In phase 3, we will be calculating the molecular descriptors which will act like quantitative description of the drugs in the dataset. Then we will prepare this dataset for the next phase.

NOTE: The structure and layout of this phase and the project is inspired by The Data Professor on Youtube. The findings for RET molecules and drugs are original and investigated by the author (Shreya Das).

## 1. Download PaDEL-Descriptor
PaDEL Descriptor is a software that is used to calculate molecular descriptors and fingerprints. **Molecular fingerprints** are calculated values that represent the molecules in chemical space and their associated chemical properties.
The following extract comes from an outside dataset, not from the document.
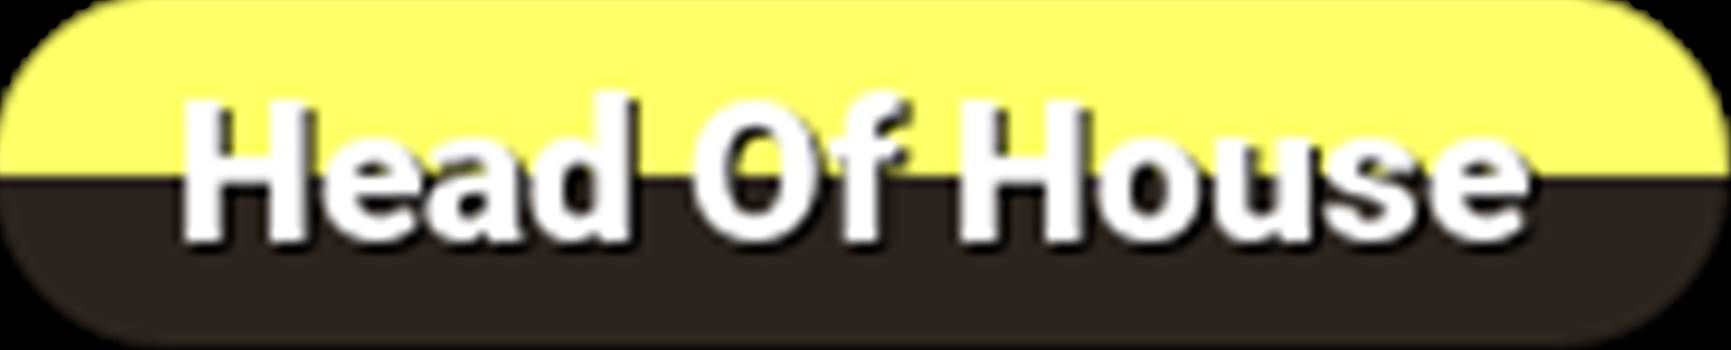 Solea head-of-house.png - 
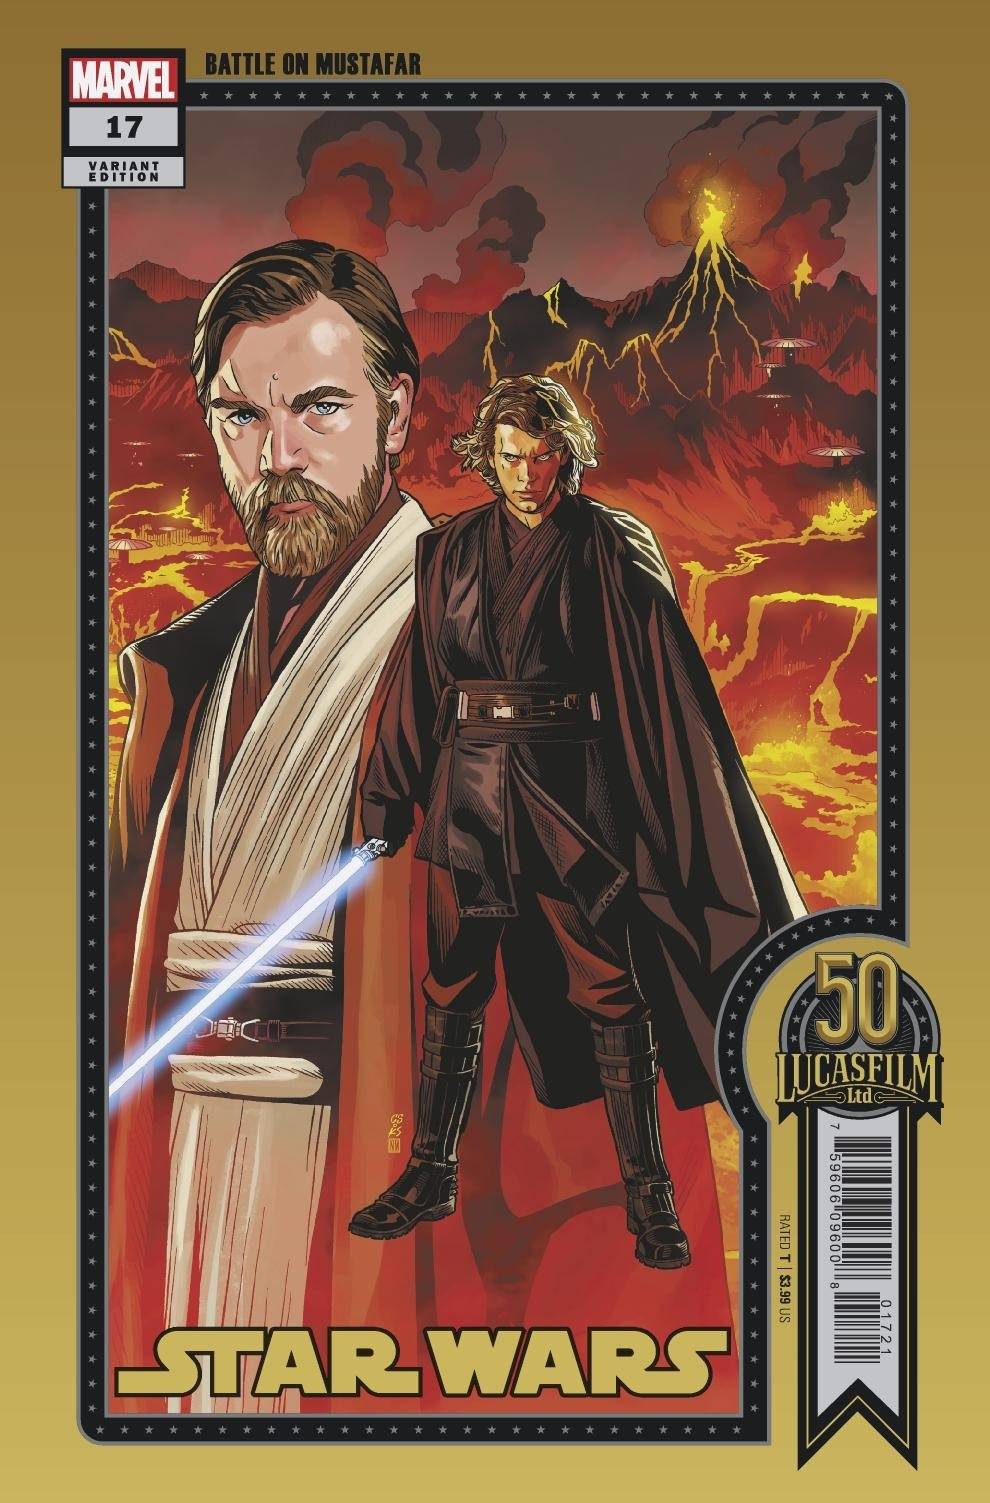 Star Wars #17 (Chris Sprouse "Battle on Mustafar" Lucasfilm 50th Anniversary Variant Cover) (29.09.2021)

This is what we will use to calculate the molecular descriptors of each of the RET inhibitors in our previous datasets, in order to provide training data for our ML model in the next phase.

In [None]:
! wget https://github.com/dataprofessor/bioinformatics/raw/master/padel.zip
! wget https://github.com/dataprofessor/bioinformatics/raw/master/padel.sh

--2024-09-03 14:28:03--  https://github.com/dataprofessor/bioinformatics/raw/master/padel.zip
Resolving github.com (github.com)... 140.82.116.3
Connecting to github.com (github.com)|140.82.116.3|:443... connected.
HTTP request sent, awaiting response... 302 Found
Location: https://raw.githubusercontent.com/dataprofessor/bioinformatics/master/padel.zip [following]
--2024-09-03 14:28:03--  https://raw.githubusercontent.com/dataprofessor/bioinformatics/master/padel.zip
Resolving raw.githubusercontent.com (raw.githubusercontent.com)... 185.199.108.133, 185.199.109.133, 185.199.110.133, ...
Connecting to raw.githubusercontent.com (raw.githubusercontent.com)|185.199.108.133|:443... connected.
HTTP request sent, awaiting response... 200 OK
Length: 25768637 (25M) [application/zip]
Saving to: ‘padel.zip’


2024-09-03 14:28:03 (141 MB/s) - ‘padel.zip’ saved [25768637/25768637]

--2024-09-03 14:28:03--  https://github.com/dataprofessor/bioinformatics/raw/master/padel.sh
Resolving github.com (gith

In [None]:
! unzip padel.zip

Archive:  padel.zip
replace __MACOSX/._PaDEL-Descriptor? [y]es, [n]o, [A]ll, [N]one, [r]ename: y
  inflating: __MACOSX/._PaDEL-Descriptor  
replace PaDEL-Descriptor/MACCSFingerprinter.xml? [y]es, [n]o, [A]ll, [N]one, [r]ename: y
  inflating: PaDEL-Descriptor/MACCSFingerprinter.xml  
replace __MACOSX/PaDEL-Descriptor/._MACCSFingerprinter.xml? [y]es, [n]o, [A]ll, [N]one, [r]ename: y
  inflating: __MACOSX/PaDEL-Descriptor/._MACCSFingerprinter.xml  
replace PaDEL-Descriptor/AtomPairs2DFingerprinter.xml? [y]es, [n]o, [A]ll, [N]one, [r]ename: y
  inflating: PaDEL-Descriptor/AtomPairs2DFingerprinter.xml  
replace __MACOSX/PaDEL-Descriptor/._AtomPairs2DFingerprinter.xml? [y]es, [n]o, [A]ll, [N]one, [r]ename: y
  inflating: __MACOSX/PaDEL-Descriptor/._AtomPairs2DFingerprinter.xml  
replace PaDEL-Descriptor/EStateFingerprinter.xml? [y]es, [n]o, [A]ll, [N]one, [r]ename: y
  inflating: PaDEL-Descriptor/EStateFingerprinter.xml  
replace __MACOSX/PaDEL-Descriptor/._EStateFingerprinter.xml? [y]es, [n

## 1.1 Load bioactivity data
We will load the bioactivity data from the previous phase from GitHub here.

In [None]:
!wget https://github.com/Shreya-Das-uoft/Chembl-Database-Drug-Discovery-for-RET-tyrosine-kinase-receptor-in-neuroblastoma/blob/main/RET_03_bioactivity_data_pIC50.csv

--2024-09-03 14:32:43--  https://github.com/Shreya-Das-uoft/Chembl-Database-Drug-Discovery-for-RET-tyrosine-kinase-receptor-in-neuroblastoma/blob/main/RET_03_bioactivity_data_pIC50.csv
Resolving github.com (github.com)... 140.82.116.3
Connecting to github.com (github.com)|140.82.116.3|:443... connected.
HTTP request sent, awaiting response... 200 OK
Length: unspecified [text/html]
Saving to: ‘RET_03_bioactivity_data_pIC50.csv.3’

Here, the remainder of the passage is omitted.